- SOURCE MATERIAL -
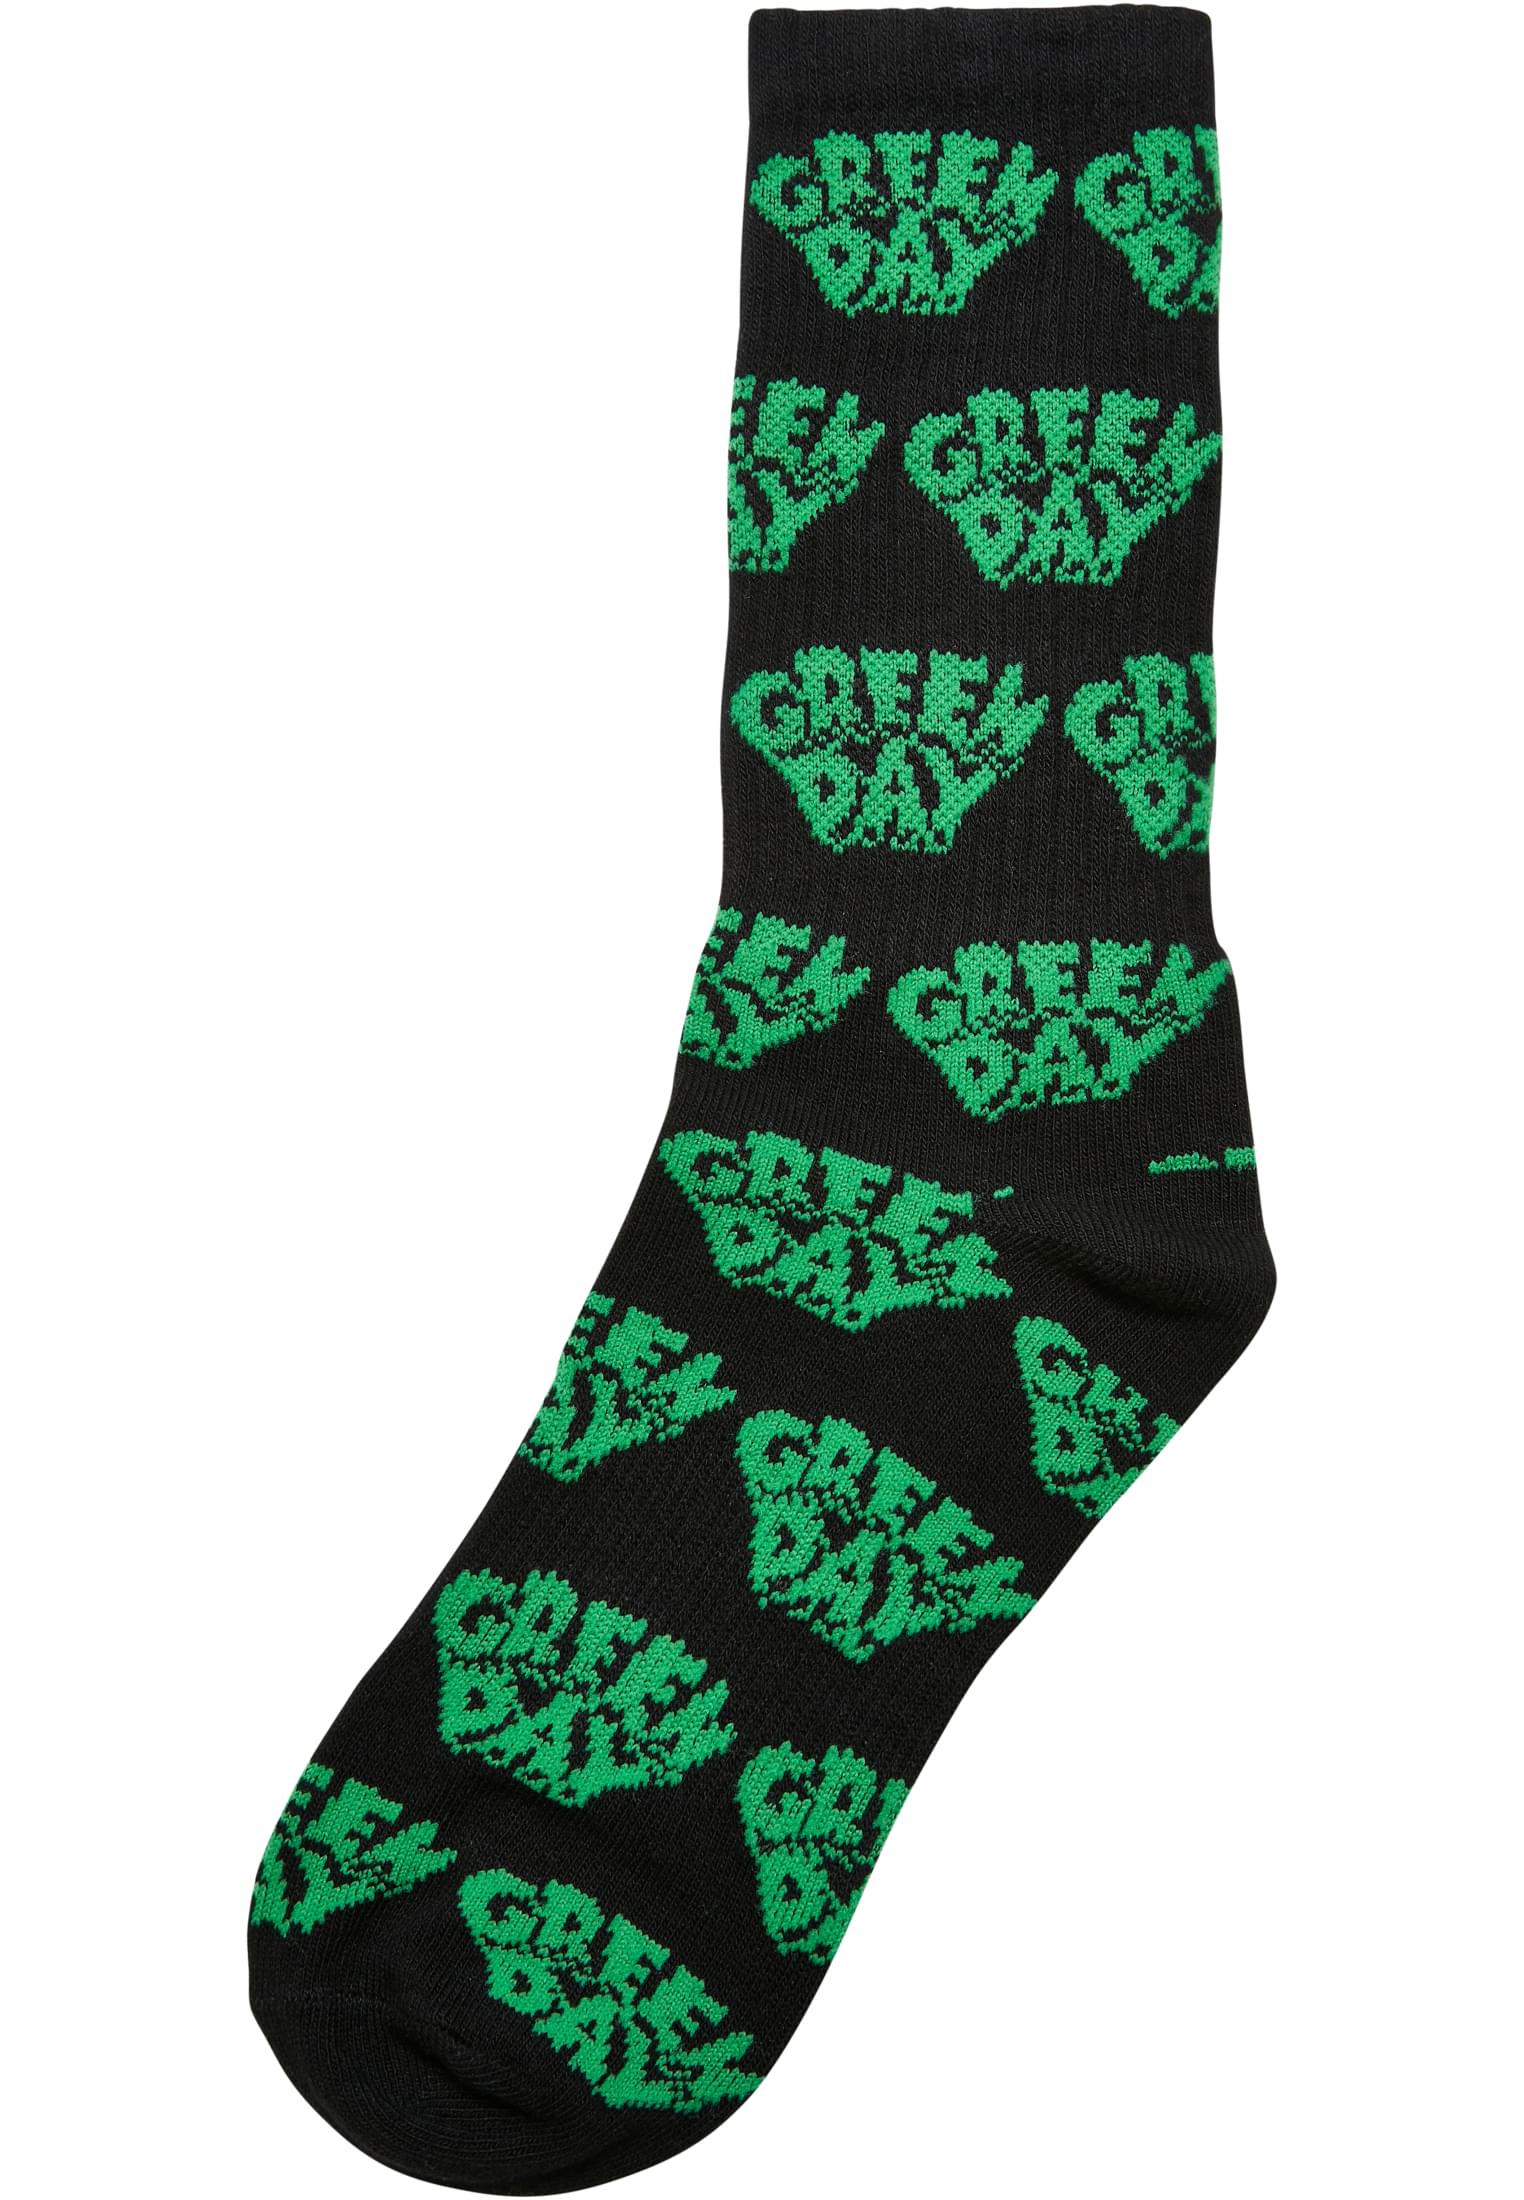 Accessoires Green Day Socks 2-Pack in Farbe black/white
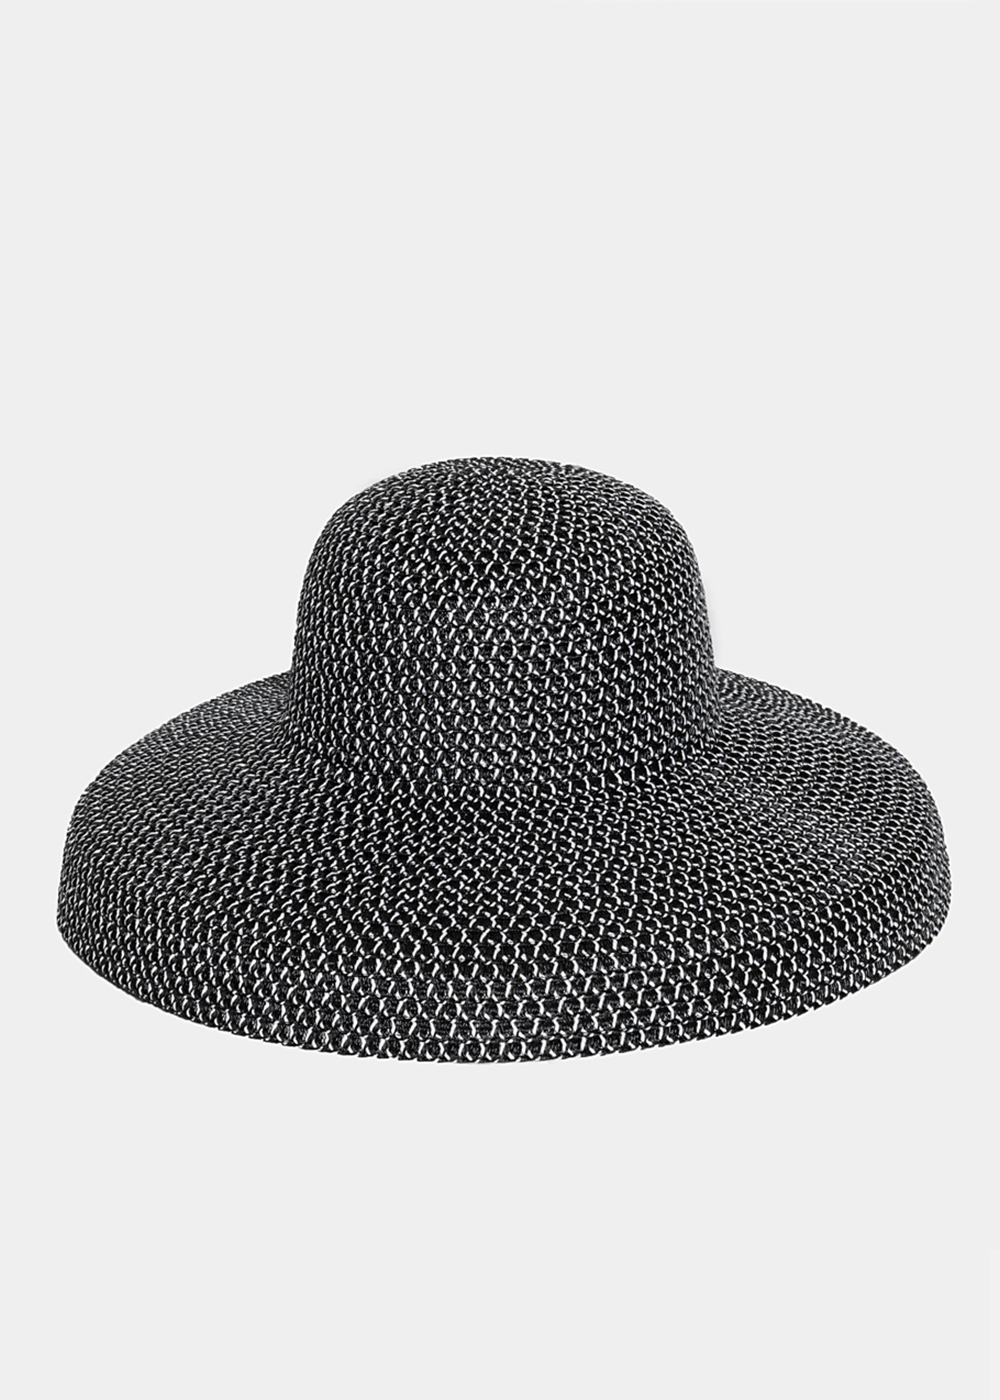 Dark Grey Straw Hat 
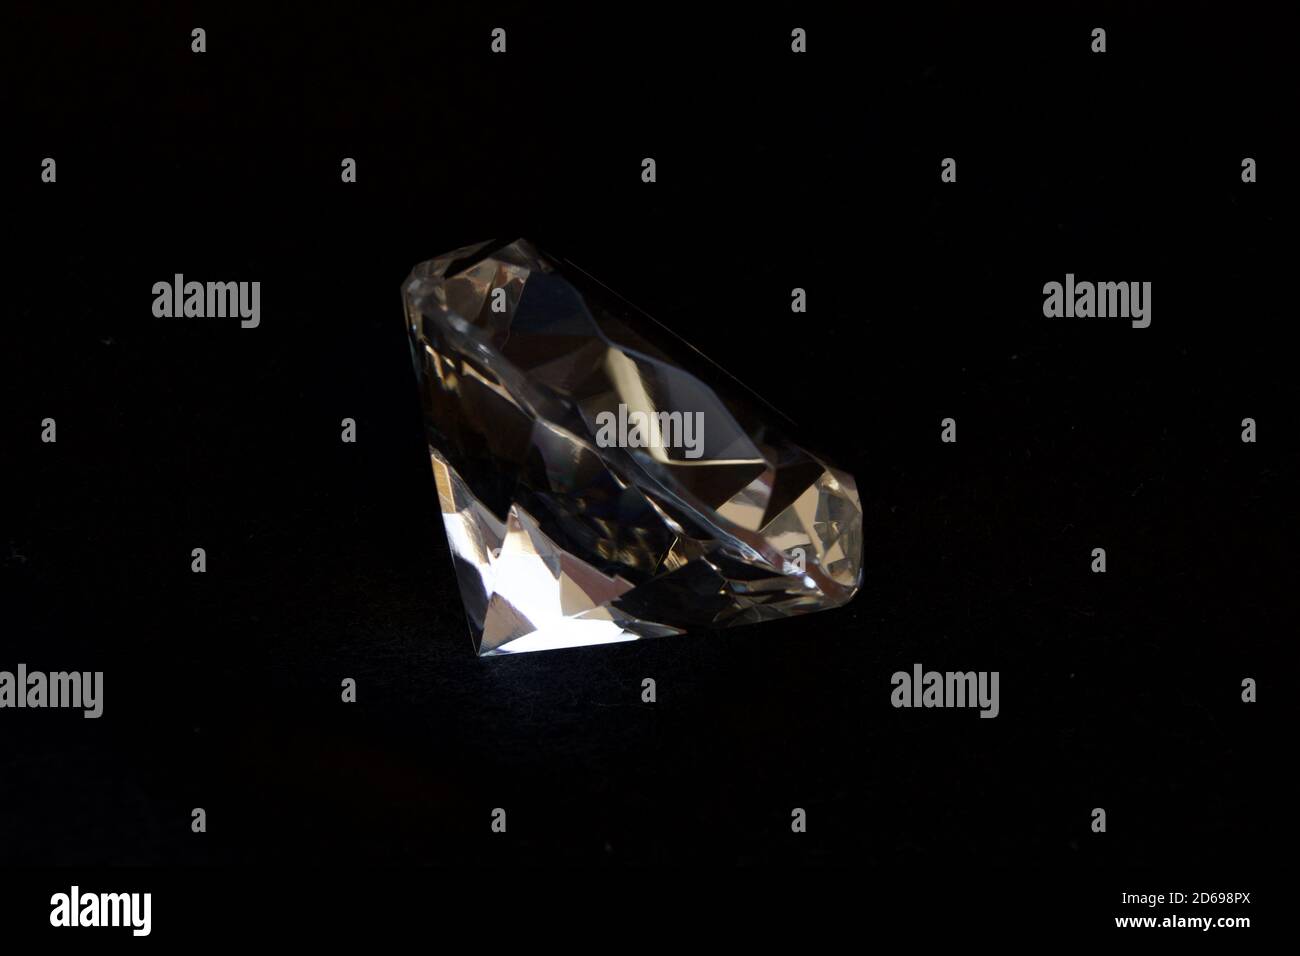 Diamond shaped transparent decorative crystal with black background. Stock Photo

- WHAT THE TASK ASKS -
Every line from the line containing "Dark Grey Straw Hat" through the last line above is to be printed exactly. Pictures are not copied.

- RESPONSE TO THE EXERCISE -
 Dark Grey Straw Hat 
 Diamond shaped transparent decorative crystal with black background. Stock Photo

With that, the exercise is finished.